Instructions for the task: Word for word, restate each entry in the listing below.

Data:
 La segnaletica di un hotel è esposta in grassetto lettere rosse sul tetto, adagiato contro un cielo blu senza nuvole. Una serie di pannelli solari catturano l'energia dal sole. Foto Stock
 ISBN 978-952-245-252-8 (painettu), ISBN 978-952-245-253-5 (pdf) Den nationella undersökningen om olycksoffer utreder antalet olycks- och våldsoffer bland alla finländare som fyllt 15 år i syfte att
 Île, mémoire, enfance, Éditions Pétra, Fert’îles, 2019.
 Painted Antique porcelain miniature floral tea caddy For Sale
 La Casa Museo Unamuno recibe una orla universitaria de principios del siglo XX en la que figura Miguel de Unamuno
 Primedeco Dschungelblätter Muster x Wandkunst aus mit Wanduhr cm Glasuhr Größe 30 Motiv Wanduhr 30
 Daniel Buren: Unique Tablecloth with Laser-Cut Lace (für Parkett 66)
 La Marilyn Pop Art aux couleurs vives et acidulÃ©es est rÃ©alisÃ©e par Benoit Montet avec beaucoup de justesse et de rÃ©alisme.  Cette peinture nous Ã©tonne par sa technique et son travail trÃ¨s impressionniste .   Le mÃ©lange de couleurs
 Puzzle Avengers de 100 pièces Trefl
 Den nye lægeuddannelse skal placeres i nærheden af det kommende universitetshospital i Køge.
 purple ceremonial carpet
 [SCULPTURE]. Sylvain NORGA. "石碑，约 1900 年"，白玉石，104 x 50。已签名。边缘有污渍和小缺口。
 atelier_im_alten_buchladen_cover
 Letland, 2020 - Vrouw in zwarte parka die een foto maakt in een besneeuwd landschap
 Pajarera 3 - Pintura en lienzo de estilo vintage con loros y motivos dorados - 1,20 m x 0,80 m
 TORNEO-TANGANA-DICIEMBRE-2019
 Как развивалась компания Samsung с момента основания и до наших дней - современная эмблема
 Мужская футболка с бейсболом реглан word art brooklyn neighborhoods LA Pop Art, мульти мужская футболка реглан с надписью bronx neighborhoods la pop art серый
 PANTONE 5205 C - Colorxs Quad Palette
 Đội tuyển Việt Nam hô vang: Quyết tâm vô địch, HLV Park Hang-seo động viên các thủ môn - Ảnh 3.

Result:
 La segnaletica di un hotel è esposta in grassetto lettere rosse sul tetto, adagiato contro un cielo blu senza nuvole. Una serie di pannelli solari catturano l'energia dal sole. Foto Stock
 ISBN 978-952-245-252-8 (painettu), ISBN 978-952-245-253-5 (pdf) Den nationella undersökningen om olycksoffer utreder antalet olycks- och våldsoffer bland alla finländare som fyllt 15 år i syfte att
 Île, mémoire, enfance, Éditions Pétra, Fert’îles, 2019.
 Painted Antique porcelain miniature floral tea caddy For Sale
 La Casa Museo Unamuno recibe una orla universitaria de principios del siglo XX en la que figura Miguel de Unamuno
 Primedeco Dschungelblätter Muster x Wandkunst aus mit Wanduhr cm Glasuhr Größe 30 Motiv Wanduhr 30
 Daniel Buren: Unique Tablecloth with Laser-Cut Lace (für Parkett 66)
 La Marilyn Pop Art aux couleurs vives et acidulÃ©es est rÃ©alisÃ©e par Benoit Montet avec beaucoup de justesse et de rÃ©alisme.  Cette peinture nous Ã©tonne par sa technique et son travail trÃ¨s impressionniste .   Le mÃ©lange de couleurs
 Puzzle Avengers de 100 pièces Trefl
 Den nye lægeuddannelse skal placeres i nærheden af det kommende universitetshospital i Køge.
 purple ceremonial carpet
 [SCULPTURE]. Sylvain NORGA. "石碑，约 1900 年"，白玉石，104 x 50。已签名。边缘有污渍和小缺口。
 atelier_im_alten_buchladen_cover
 Letland, 2020 - Vrouw in zwarte parka die een foto maakt in een besneeuwd landschap
 Pajarera 3 - Pintura en lienzo de estilo vintage con loros y motivos dorados - 1,20 m x 0,80 m
 TORNEO-TANGANA-DICIEMBRE-2019
 Как развивалась компания Samsung с момента основания и до наших дней - современная эмблема
 Мужская футболка с бейсболом реглан word art brooklyn neighborhoods LA Pop Art, мульти мужская футболка реглан с надписью bronx neighborhoods la pop art серый
 PANTONE 5205 C - Colorxs Quad Palette
 Đội tuyển Việt Nam hô vang: Quyết tâm vô địch, HLV Park Hang-seo động viên các thủ môn - Ảnh 3.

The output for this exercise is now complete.